Supplied data:
↓
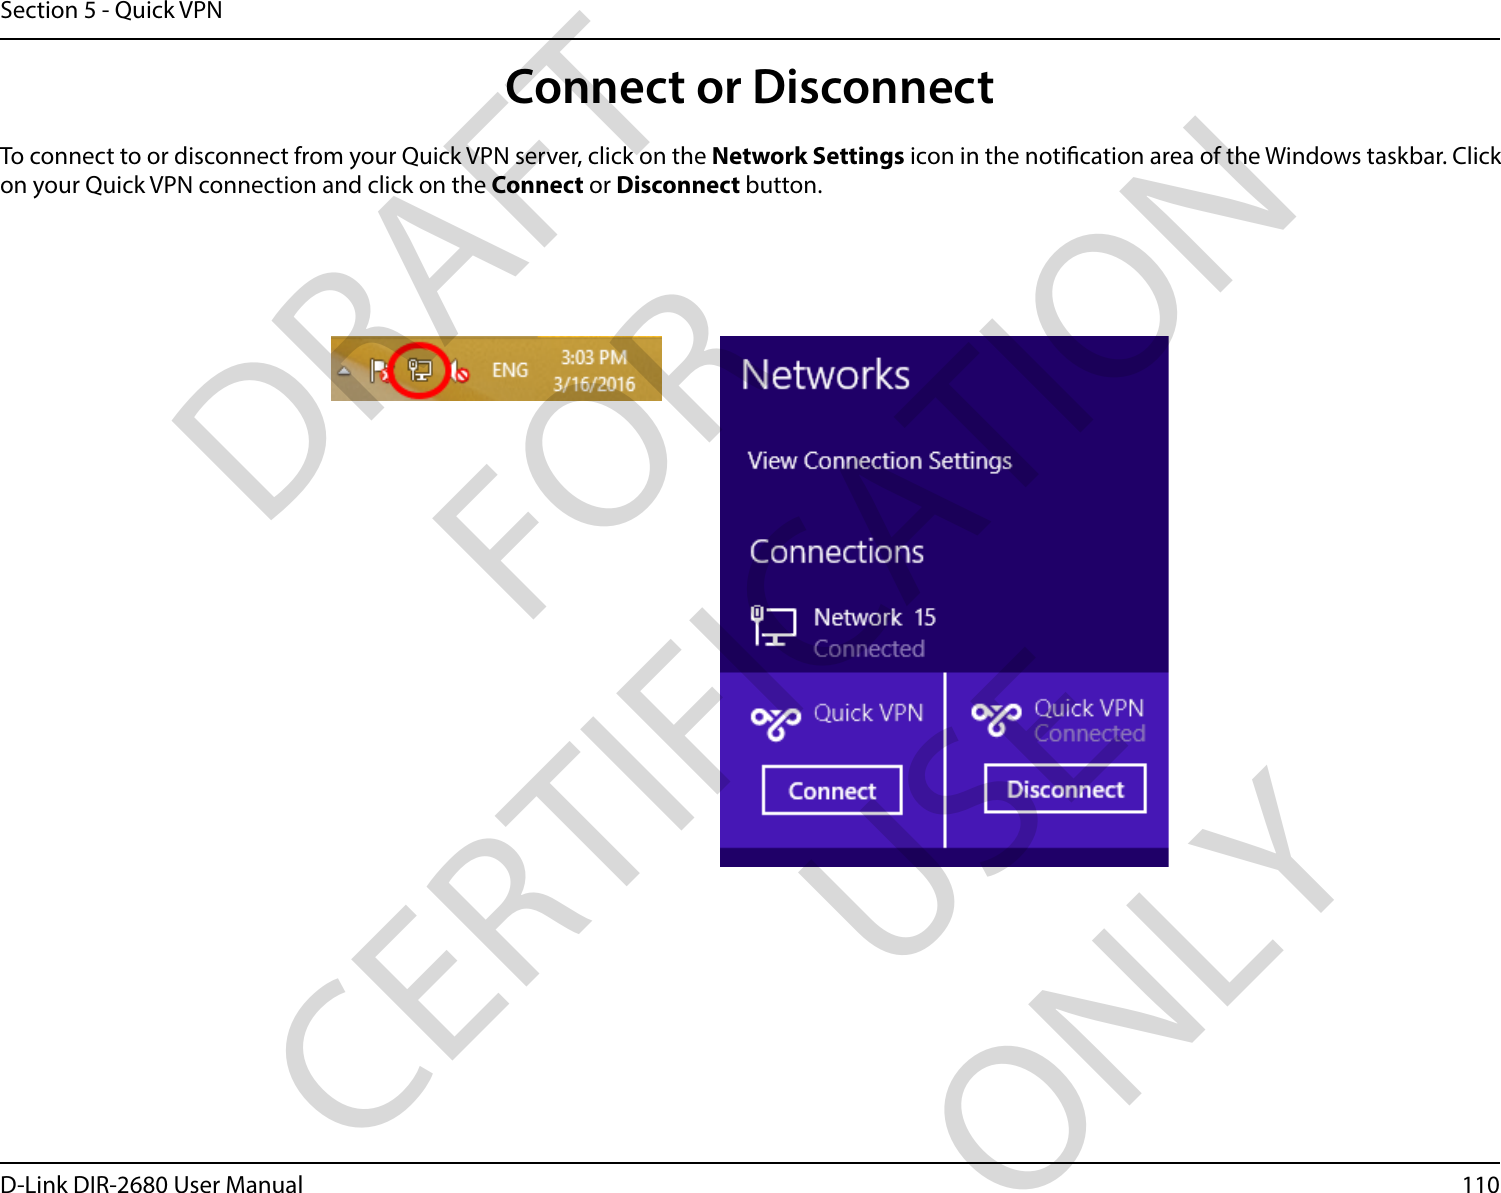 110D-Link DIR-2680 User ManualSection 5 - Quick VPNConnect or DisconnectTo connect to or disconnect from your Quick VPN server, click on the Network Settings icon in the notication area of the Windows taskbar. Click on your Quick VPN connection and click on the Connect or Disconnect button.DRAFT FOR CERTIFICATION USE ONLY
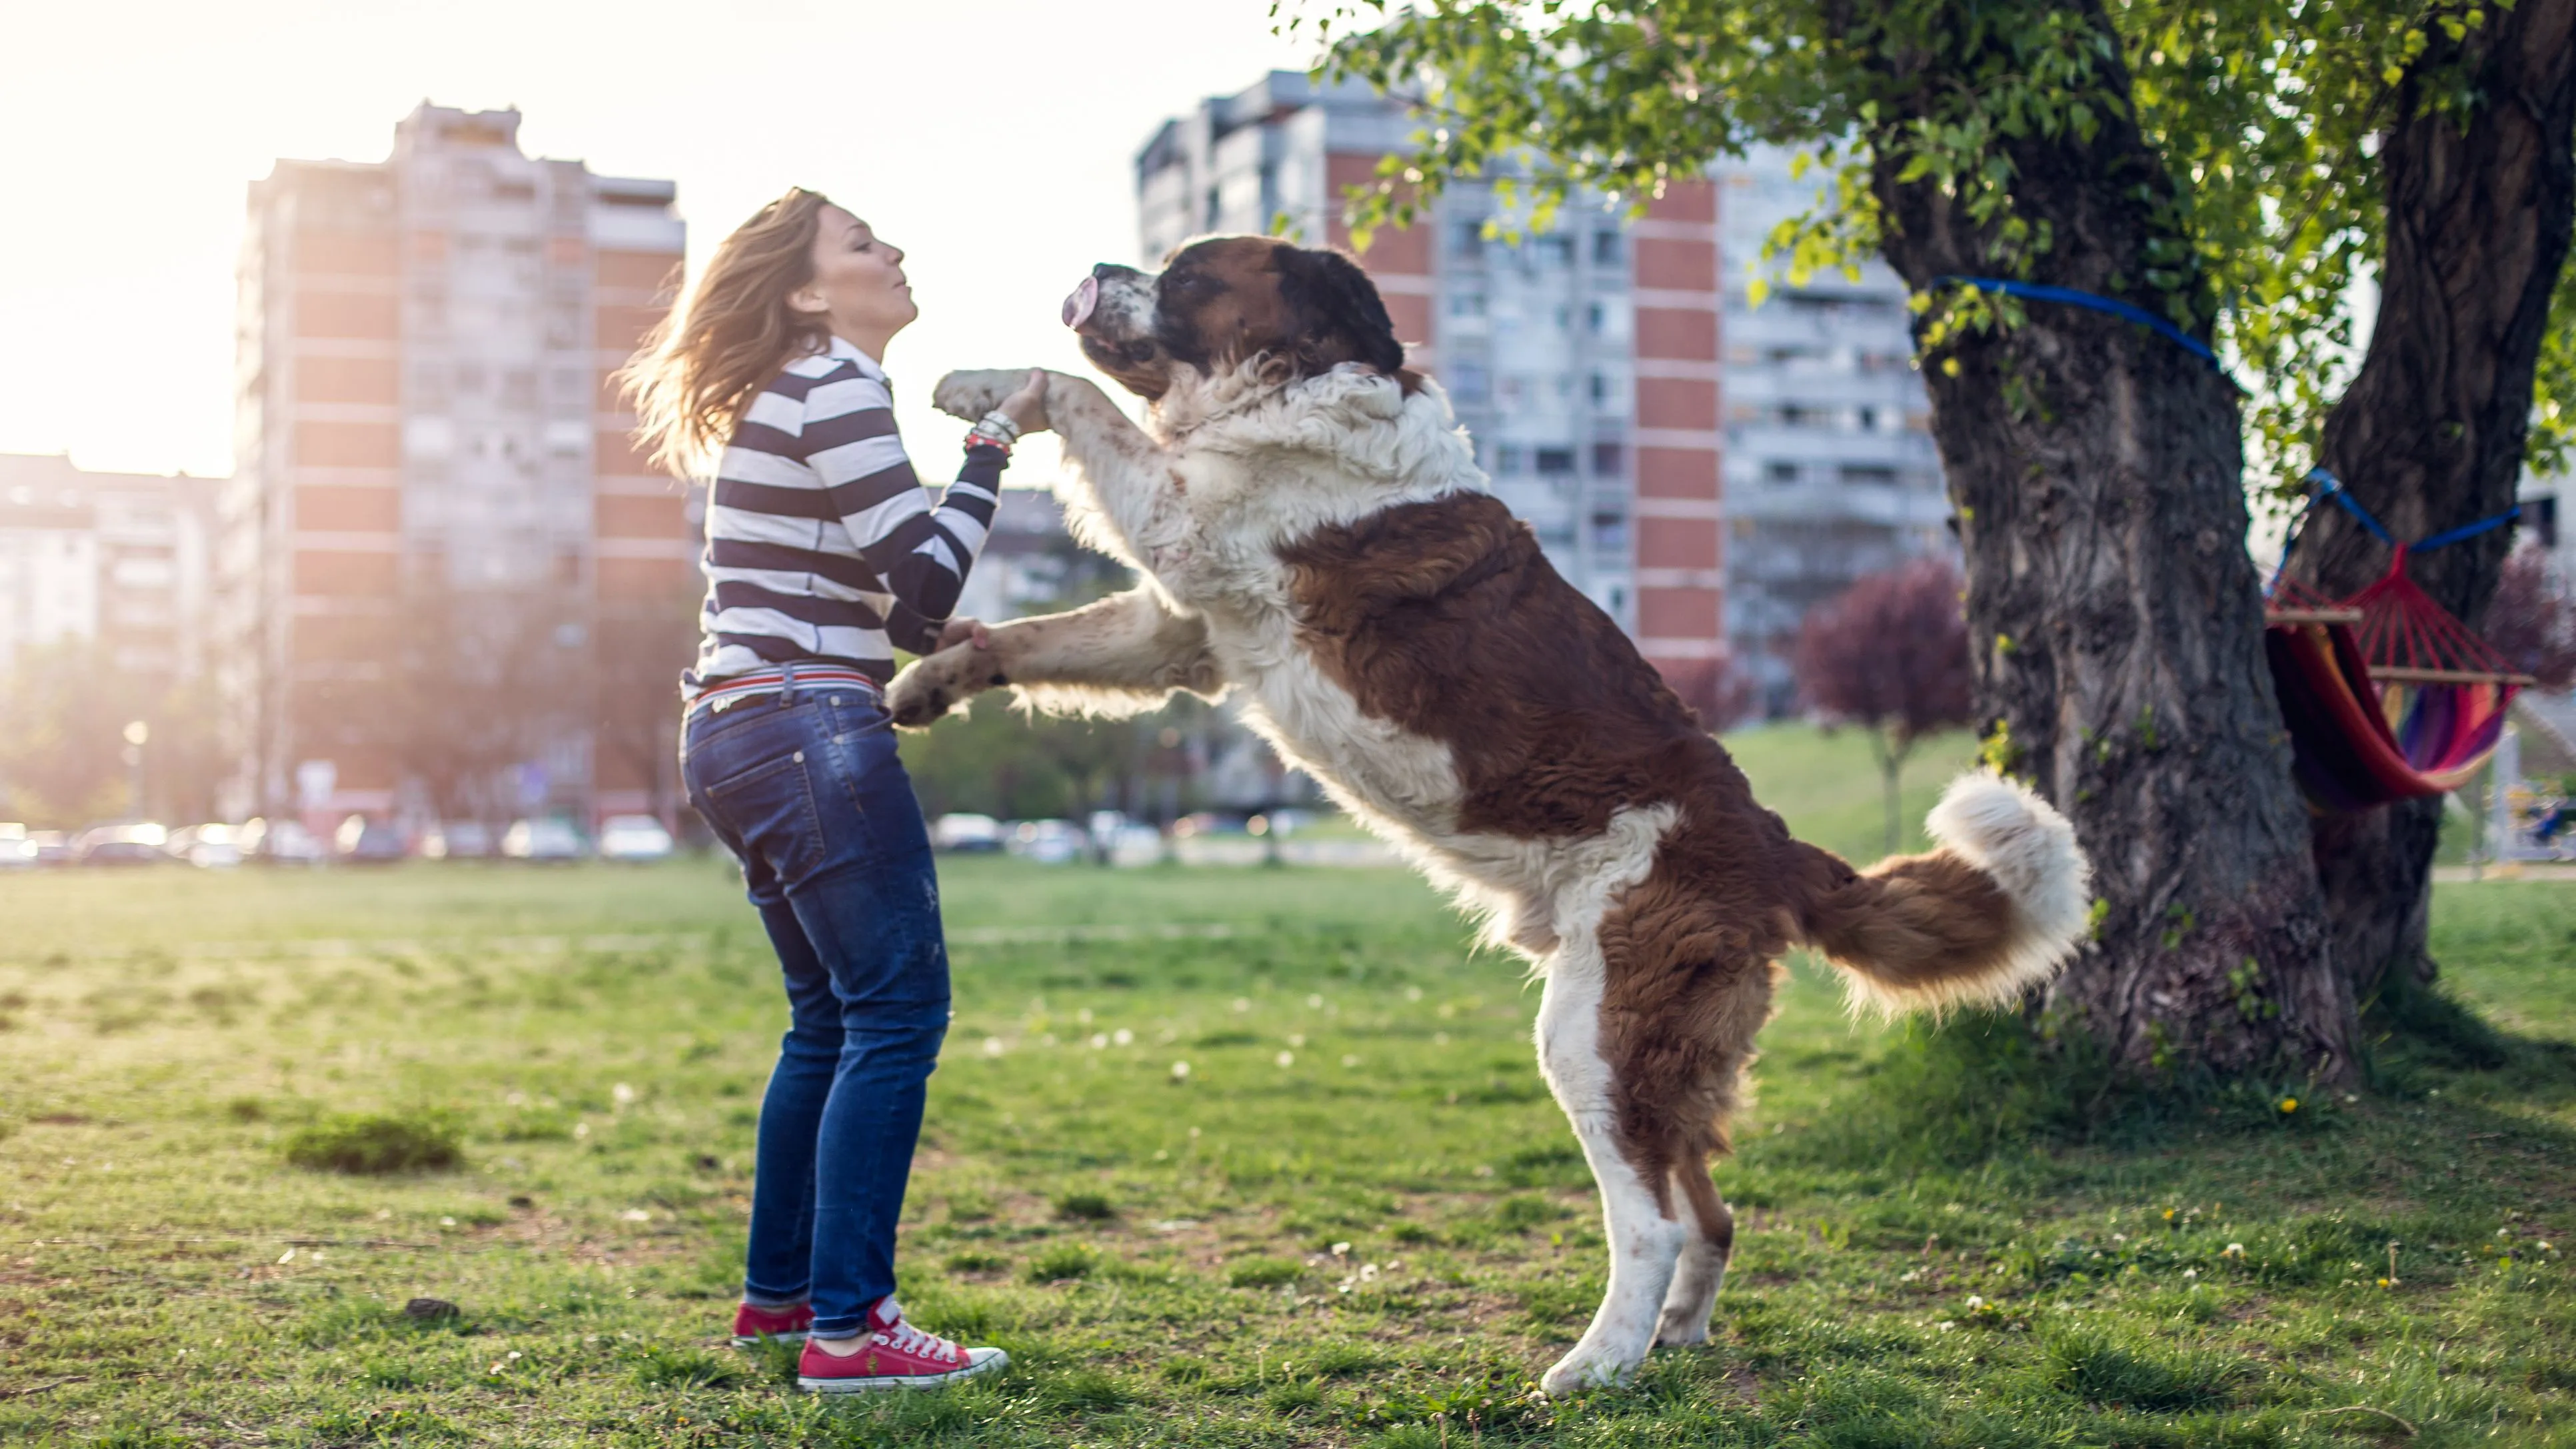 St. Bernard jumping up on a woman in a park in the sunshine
↑
↓
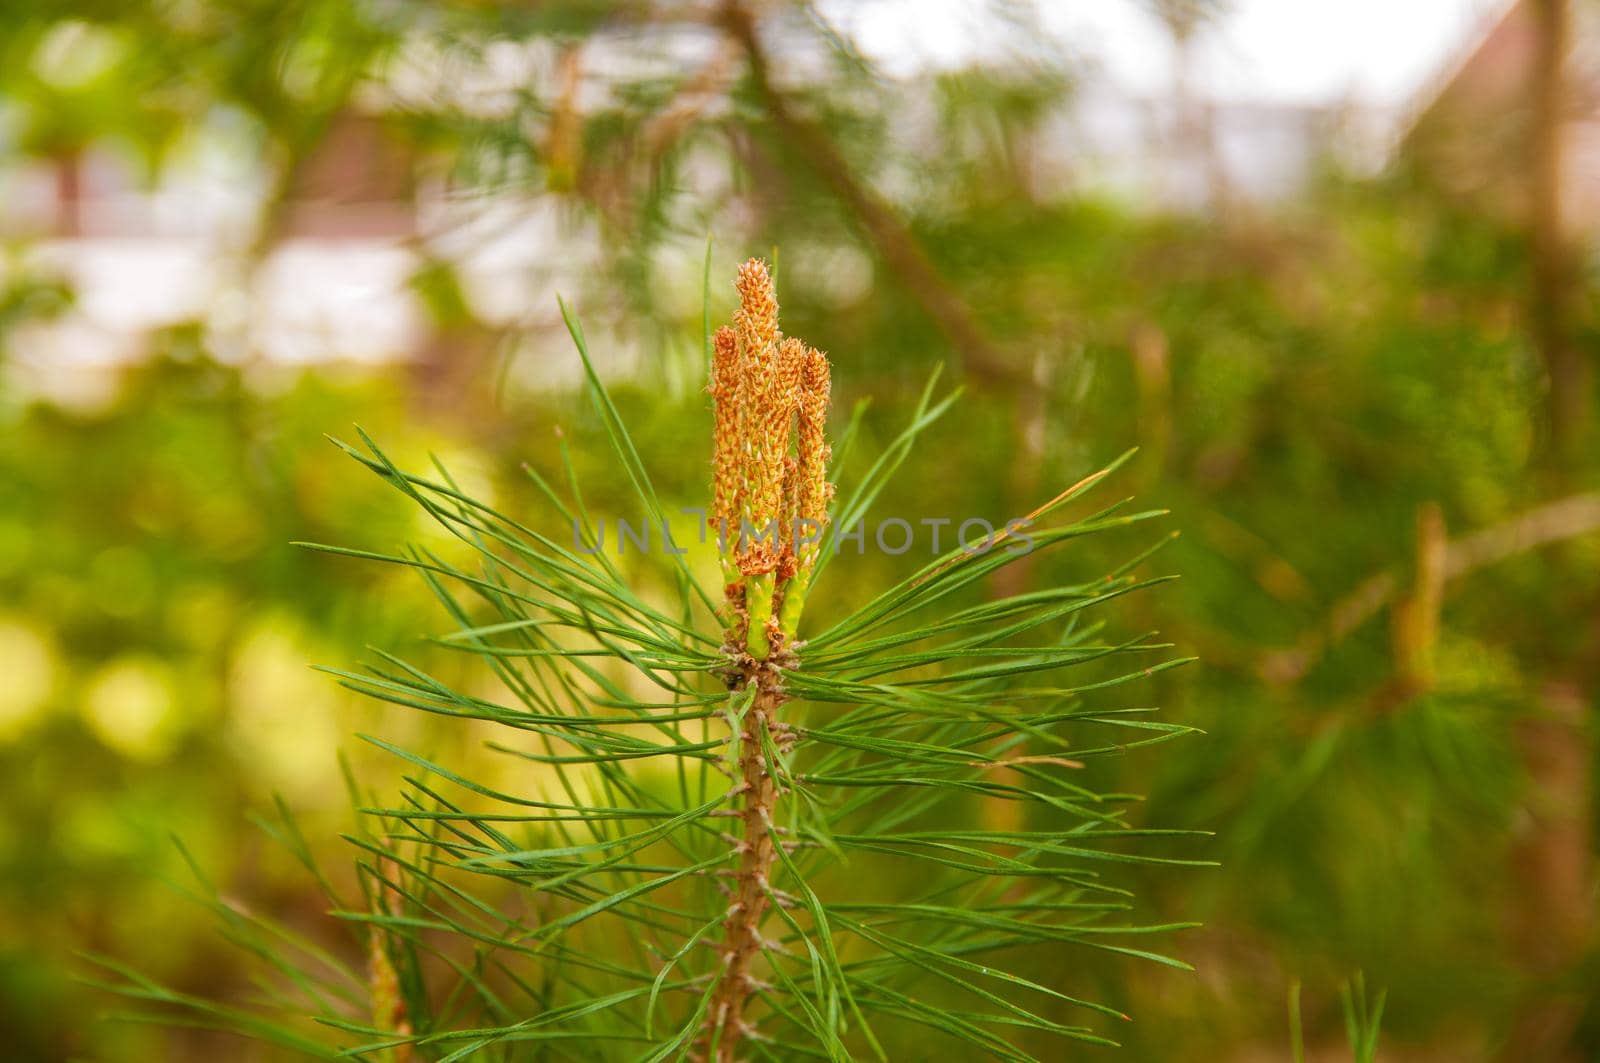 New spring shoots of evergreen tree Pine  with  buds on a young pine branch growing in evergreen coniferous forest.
↑
Problem description: Give the lines above again exactly, from the one containing "110D-Link DIR-2680 User" to the one containing "St. Bernard jumping", both included, but leave out the pictures.

Solution to the exercise:
 110D-Link DIR-2680 User ManualSection 5 - Quick VPNConnect or DisconnectTo connect to or disconnect from your Quick VPN server, click on the Network Settings icon in the notication area of the Windows taskbar. Click on your Quick VPN connection and click on the Connect or Disconnect button.DRAFT FOR CERTIFICATION USE ONLY
 St. Bernard jumping up on a woman in a park in the sunshine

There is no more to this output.